Try it
Please print nothing but the lines from the one with "Classic Design for" to the last line of the records below, and omit pictures.
───
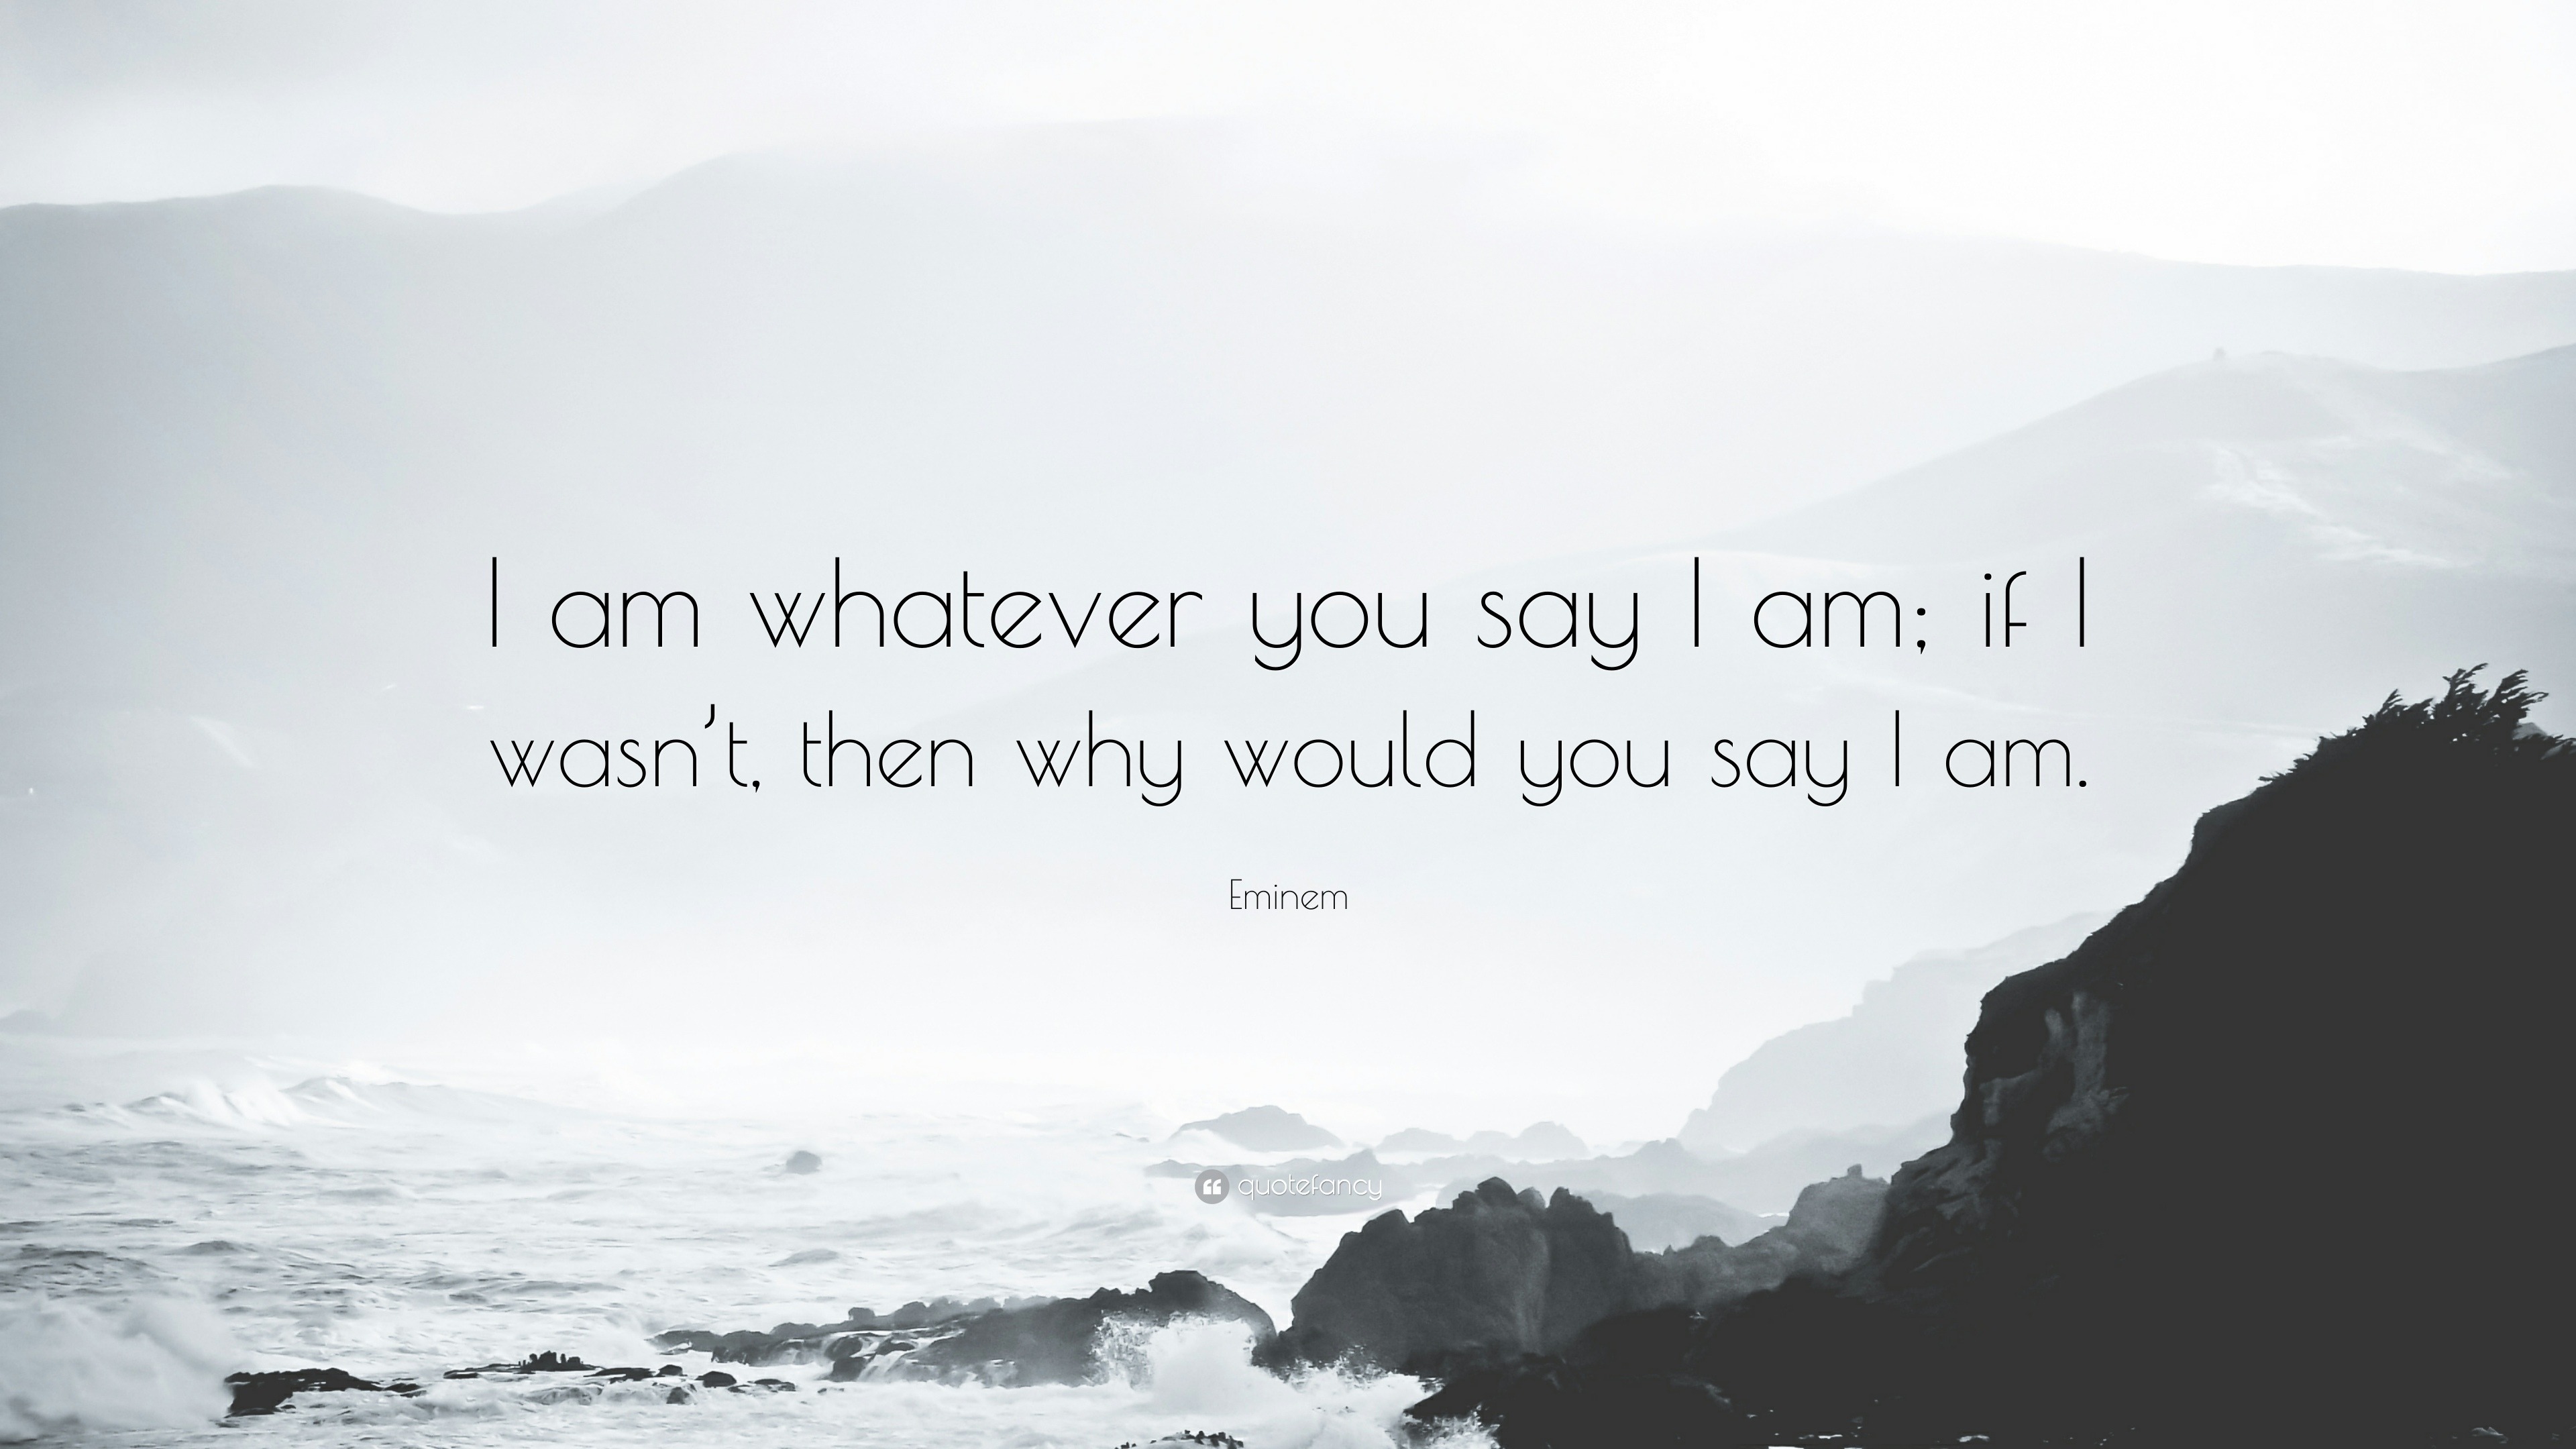 Whatever You Say I Won t Eminem Quote: “I am whatever you say I am; if I wasn't, then why would
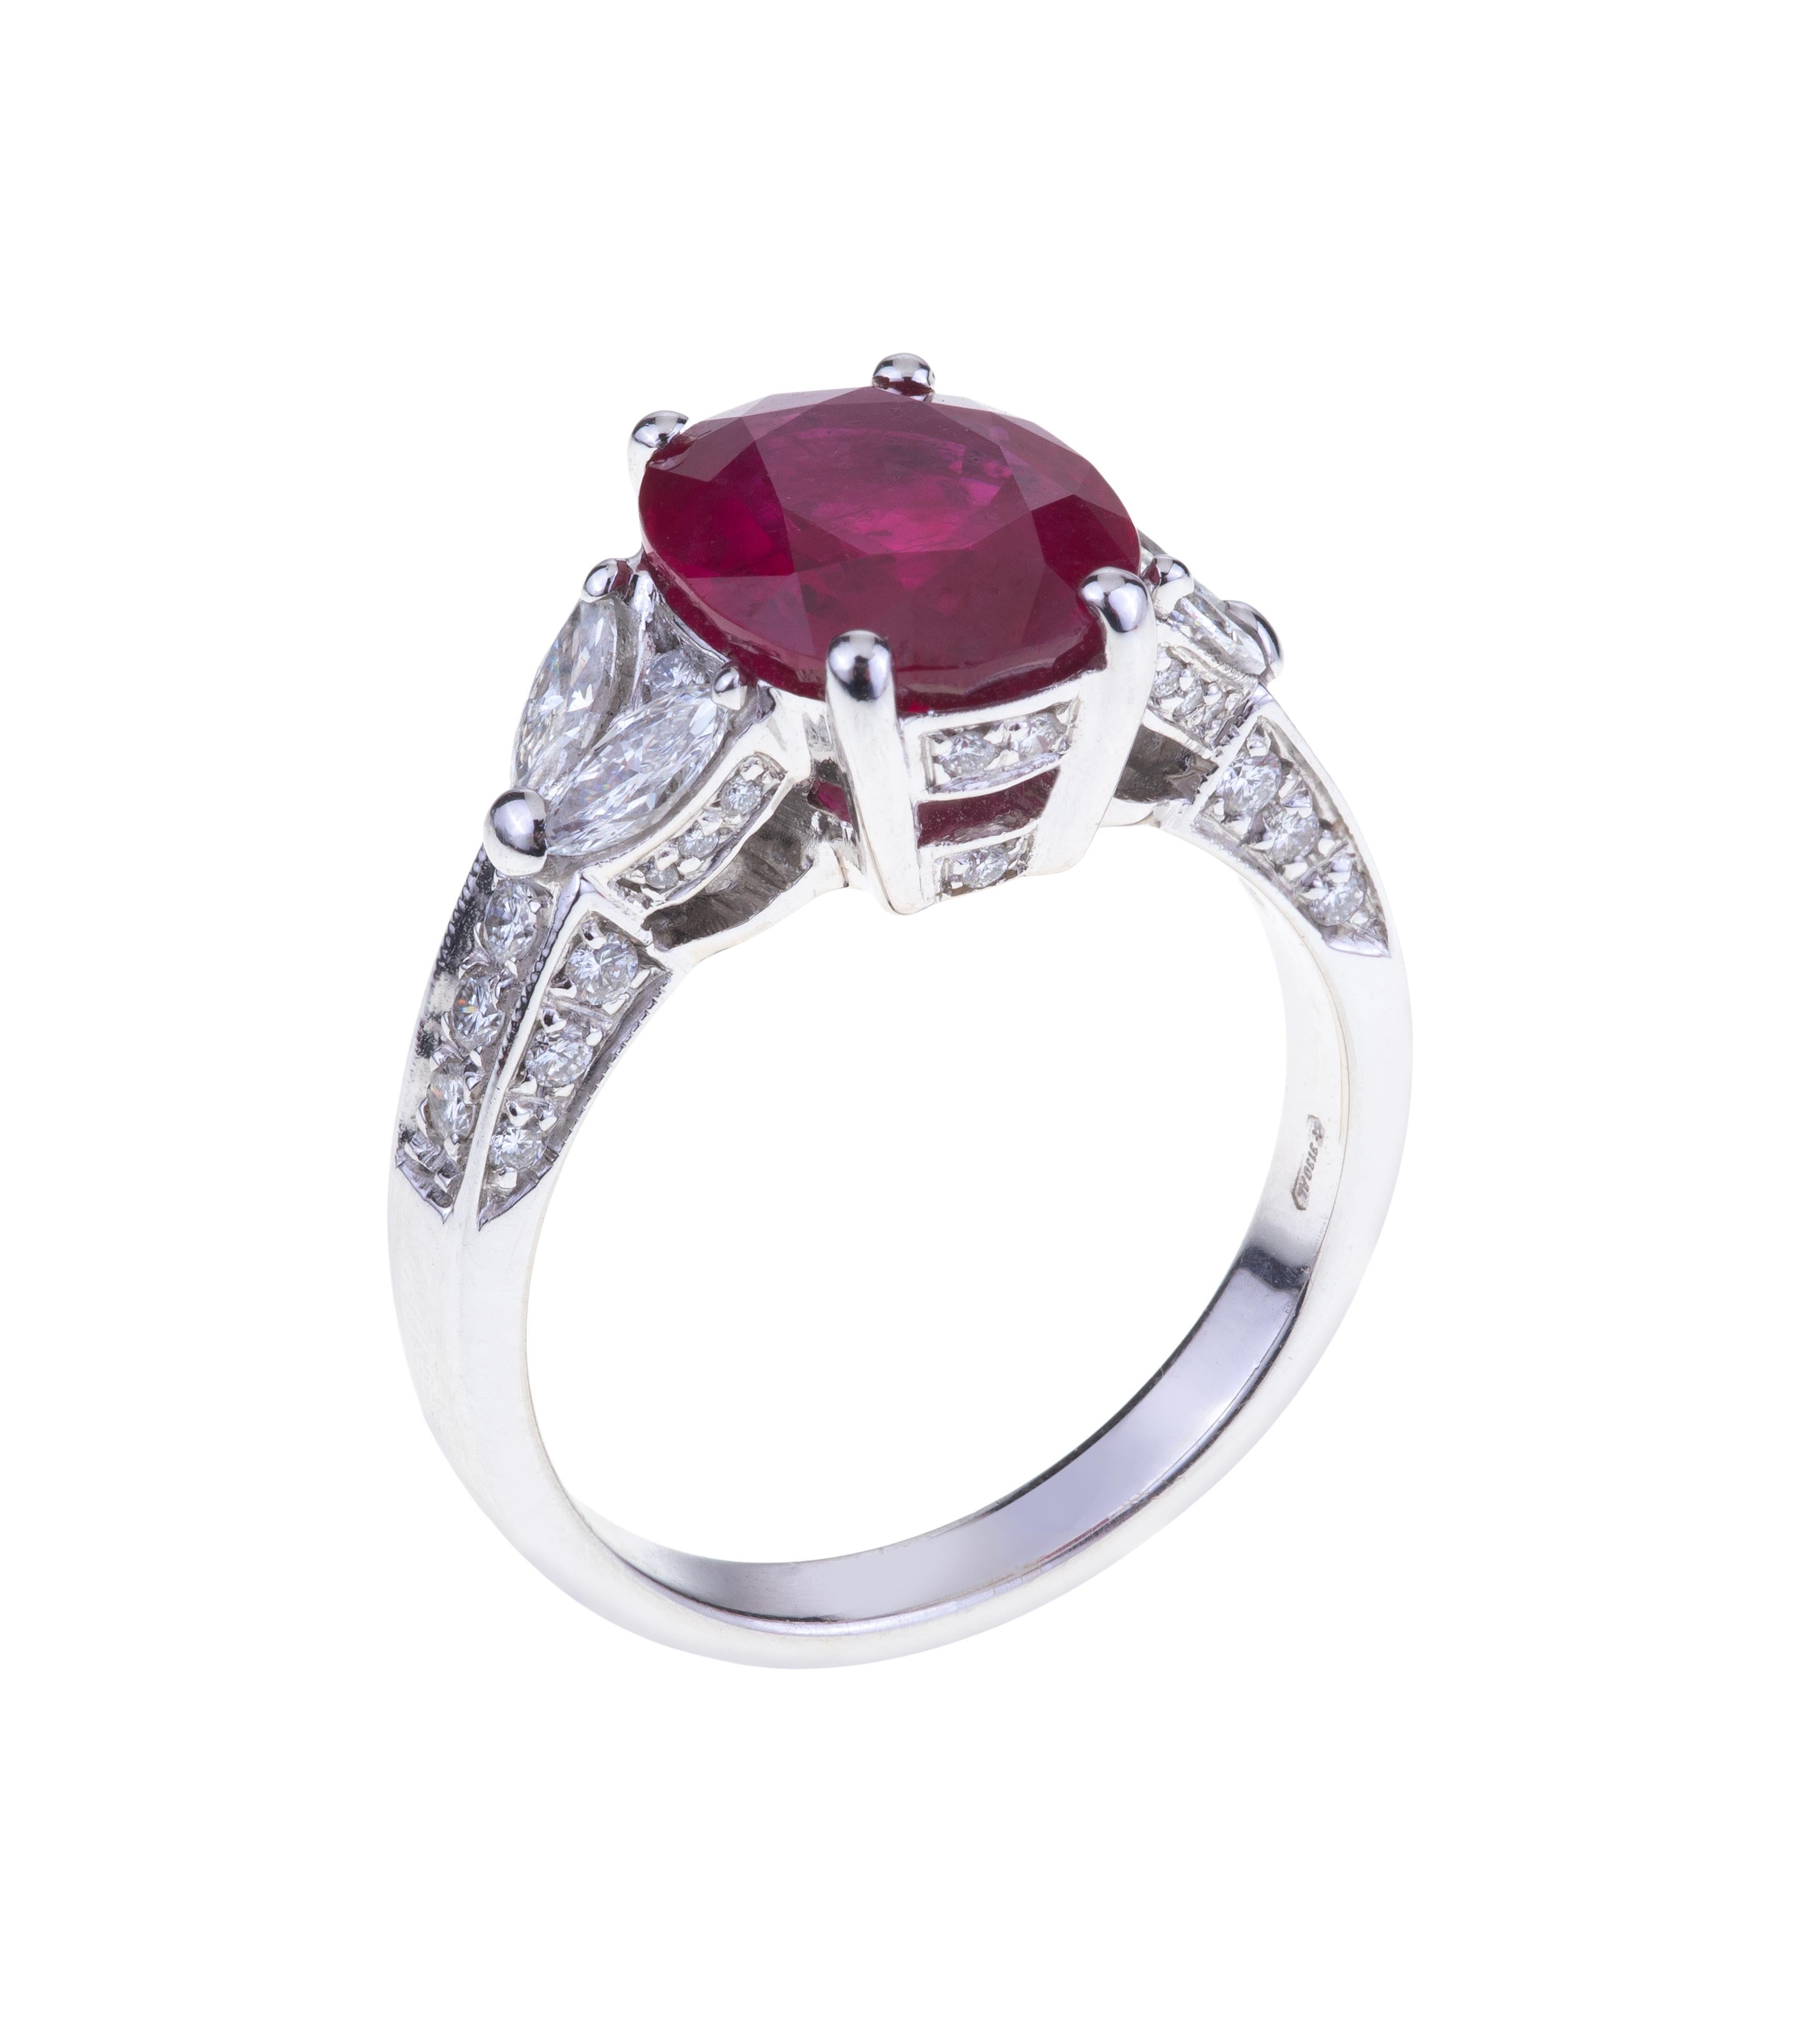 Stunning Oval Ruby Ring ct. 4.10 Certificate with Diamonds.
Classic Design for this Ring with a Stunning Ruby (ct. 4.10) with Diamonds on the side (ct. xxxx Round G-SI). The weight of 18kt Gold is xxxx Certificate 2016-0011322
Designed in
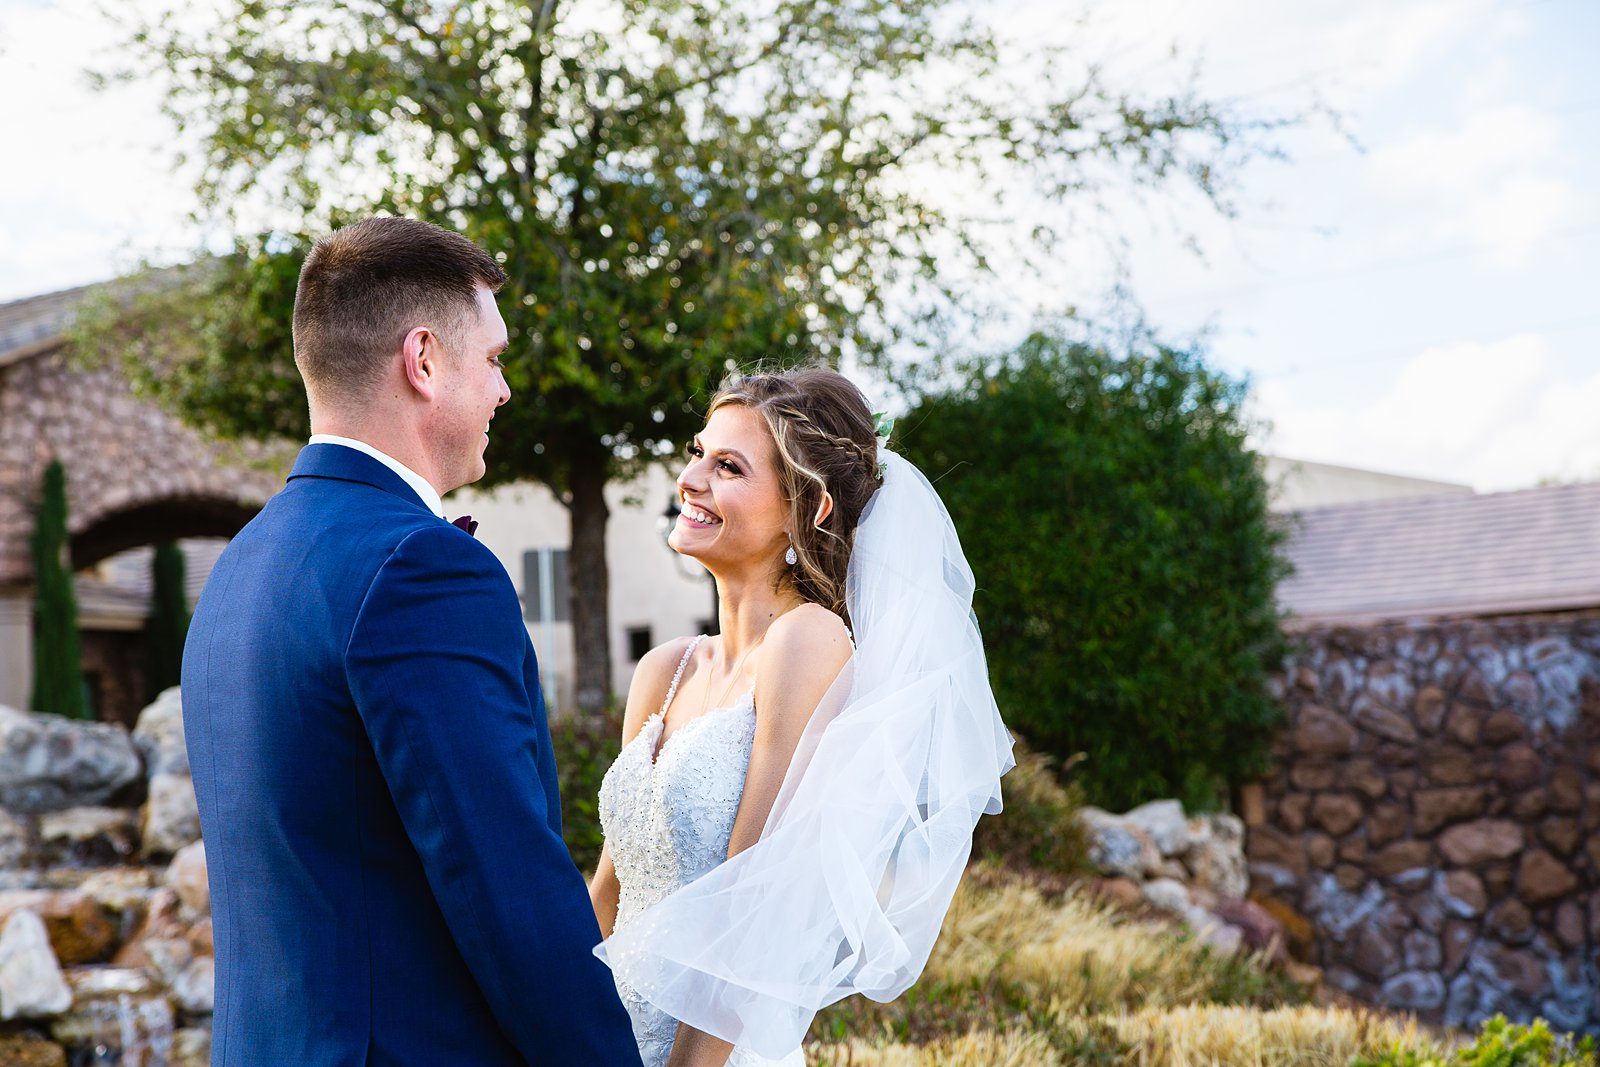 Bride and Groom laughing together during their Superstition Manor wedding by Arizona wedding photographer PMA Photography.
───
Result of the task
Classic Design for this Ring with a Stunning Ruby (ct. 4.10) with Diamonds on the side (ct. xxxx Round G-SI). The weight of 18kt Gold is xxxx Certificate 2016-0011322
Designed in
 Bride and Groom laughing together during their Superstition Manor wedding by Arizona wedding photographer PMA Photography.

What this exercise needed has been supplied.